Homework #2: HTTP Services, ML Embeddings, and AWS Fundamentals

EE 547: Fall 2025

Assignment Details

Assigned: 16 September
Due: Monday, 29 September at 23:59

Submission: Gradescope via GitHub repository

Requirements

Docker Desktop must be installed and running on your machine
AWS CLI configured with valid credentials for Problems 3-4
PyTorch installed for Problem 2 (can be inside container)
Use data files from HW#1 Problem 2 output (or provided sample data)

Overview

This assignment introduces HTTP services, machine learning embeddings, and AWS fundamentals. You will build API servers, train embedding models, interact with AWS services, and integrate ML inference into web services.

Problem 1: HTTP API Server for ArXiv Papers

Requirements

Use only Python standard library modules:

http.server (standard library)
urllib.parse (standard library)
json (standard library)
re (standard library)
sys, os, datetime (standard library)

Do not use flask, django, fastapi, requests, or any other web frameworks or external HTTP libraries.
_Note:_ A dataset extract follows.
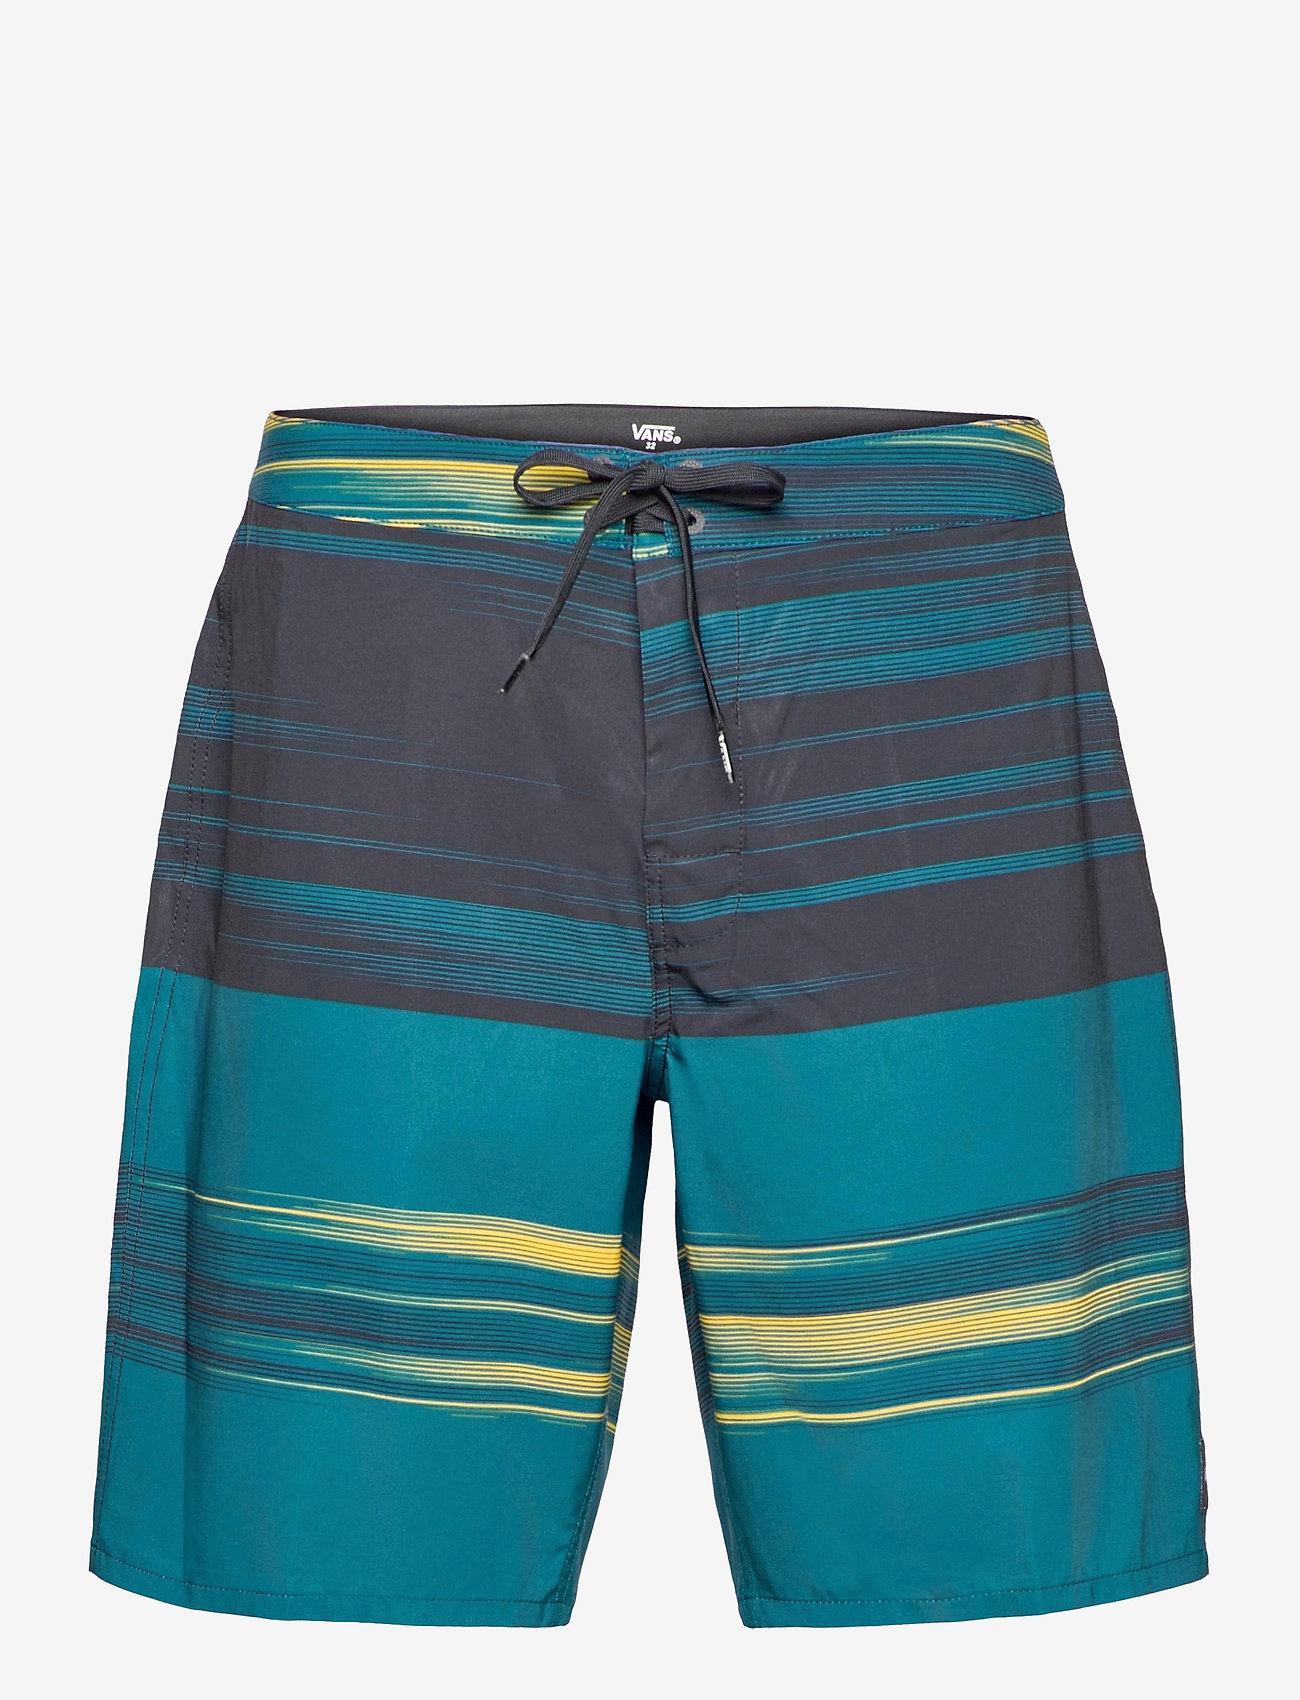 VANS - ERA BOARDSHORT 19 - boardshorts - black/moroccan blue - 0

Build a containerized HTTP server that serves ArXiv paper metadata from your HW#1 Problem 2 output.

Part A: Data Source

Your server must load ArXiv paper data from HW#1 Problem 2 output files:

papers.json - Array of paper metadata with abstracts and statistics
corpus_analysis.json - Global corpus analysis with word frequencies

Part B: HTTP Server Implementation

Create arxiv_server.py that implements a basic HTTP server with the following endpoints:

Required Endpoints:

GET /papers - Return list of all papers

[
  {
    "arxiv_id": "2301.12345",
    "title": "Paper Title",
    "authors": ["Author One", "Author Two"],
    "categories": ["cs.LG", "cs.AI"]
  },
  ...
]

GET /papers/{arxiv_id} - Return full paper details

{
  "arxiv_id": "2301.12345",
  "title": "Paper Title",
  "authors": ["Author One", "Author Two"],
  "abstract": "Full abstract text...",
  "categories": ["cs.LG", "cs.AI"],
  "published": "2023-01-15T10:30:00Z",
  "abstract_stats": {
    "total_words": 150,
    "unique_words": 85,
    "total_sentences": 8
  }
}

GET /search?q={query} - Search papers by title and abstract

{
  "query": "machine learning",
  "results": [
    {
      "arxiv_id": "2301.12345",
      "title": "Paper Title",
      "match_score": 3,
      "matches_in": ["title", "abstract"]
    }
  ]
}

GET /stats - Return corpus statistics

{
  "total_papers": 20,
  "total_words": 15000,
  "unique_words": 2500,
  "top_10_words": [
    {"word": "model", "frequency": 145},
    {"word": "data", "frequency": 132}
  ],
  "category_distribution": {
    "cs.LG": 12,
    "cs.AI": 8
  }
}

Error Handling:

Return HTTP 404 for unknown paper IDs or invalid endpoints
Return HTTP 400 for malformed search queries
Return HTTP 500 for server errors with JSON error message

Part C: Implementation Requirements

Your server must:

Command Line Arguments: Accept port number as argument (default 8080)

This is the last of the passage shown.